I see cellular therapy in cancer as one way of harnessing this knowledge to bring safer and more effective therapies to our patients. Importantly, the effects of T-cells and other immune cells may not just be limited to blood cancer and there are now many studies being conducted in patients with solid tumors like breast and lung cancer, melanoma and sarcoma, just to name a few. It’s a very exciting time as cellular therapy is expanding treatment options for our patients.
What do you see as the biggest challenges that cell therapy companies are facing at this moment? How is Be The Match BioTherapies positioned to help them?
First and foremost, and particularly for an early stage company without an approved product, the key is to design studies that will efficiently evaluate the safety, feasibility and effectiveness of a particular cellular therapy they have developed. Without well-designed studies, a potentially beneficial therapy may never get to the point where it can help patients.

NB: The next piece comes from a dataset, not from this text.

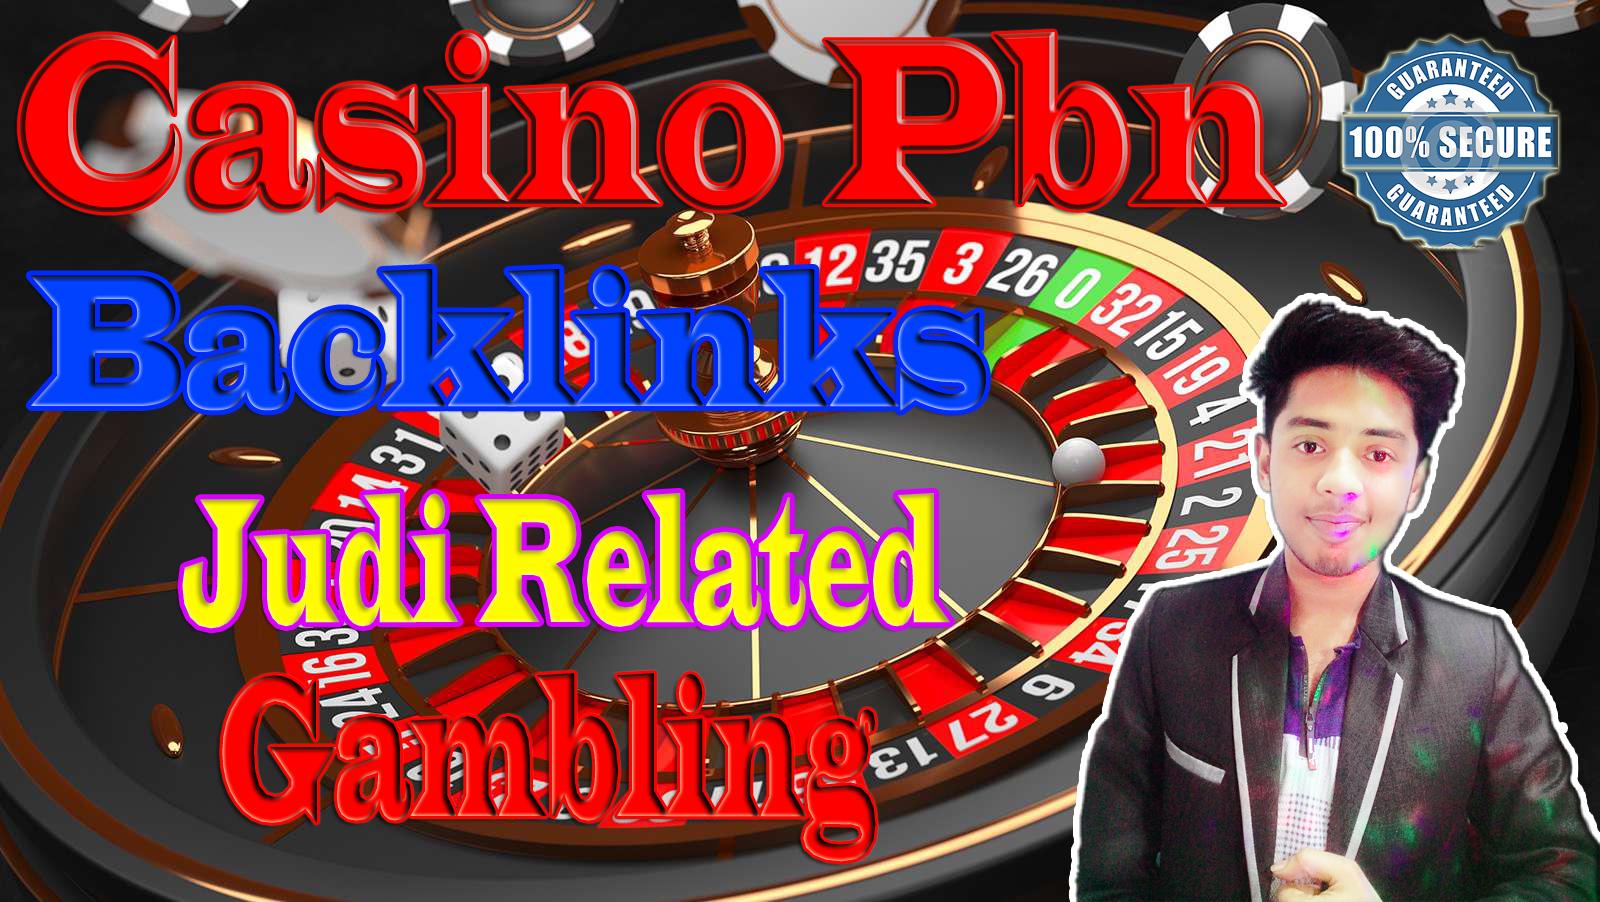 650+ Casino Pbn Backlink,  judi,  Poker Related Casino Gambling,  Top Rank Your Casino Website

Beyond that, navigating the regulatory hurdles is a critical step, as is handling all the logistics necessary to safely collect and transport cells from one place to the next without any mishaps. This is another way Be The Match BioTherapies can help. We can leverage over 30 years of experience in consistently collecting, transporting and tracking cells destined to be used in real patients, in a timely and safe manner.
Manufacturing is another big hurdle. Doing this well and in a reproducible manner is critical, as is meeting the timelines demanded by our patients and their clinical conditions. Another challenge is the globalization of the marketplace and how we deal with that. There are patients in need all over the globe and companies are stepping up to meet that challenge.
However, the U.S. is still in the lead, so how do our companies get their effective therapies out to more patients around the globe who need them? We don’t want to inadvertently create a situation where disparities in access to the best therapies are created.
Where do you see the biggest opportunities for cell therapy? Any emerging disease areas?
Cellular therapies are very different from conventional drugs as they will continue to evolve. They are really living, breathing therapies that are amenable to continued modification and optimization based on data generated not only in the laboratory but from safety and efficacy signals gained from the clinical trials we perform. This adaptability is one of the key differences of cellular therapy and also one of its most interesting characteristics.
As far as opportunities, I think we may see an approval for a CAR-T cell therapy for multiple myeloma in the next year, and we will learn more about the effectiveness of this treatment for patients with chronic leukemia who have expended most of their treatment options. I also see big opportunities in solid tumors and will be very interested in the results of these trials as they come out over the next few years.
There are also great opportunities to treat other serious and debilitating non-cancer related diseases such as multiple sclerosis, scleroderma, and sickle cell disease, just to name a few.
What is most exciting to you about the cell and gene therapy space?
The recent approval of a gene therapy for a form of hereditary blindness was a very exciting milestone and I believe we are on the cusp of being able to effectively treat other serious genetic disorders like sickle cell disease and immune deficiency syndromes through gene therapy. The technology is catching up with the complexity of these diseases, so I think we will see significant advances in gene therapy over the next decade.
There are a lot of opportunities to team up with several pioneering organizations and I hope I can help Be The Match BioTherapies evaluate and communicate the best opportunities to make progress and improve the lives of more patients by leveraging the many assets of our organization.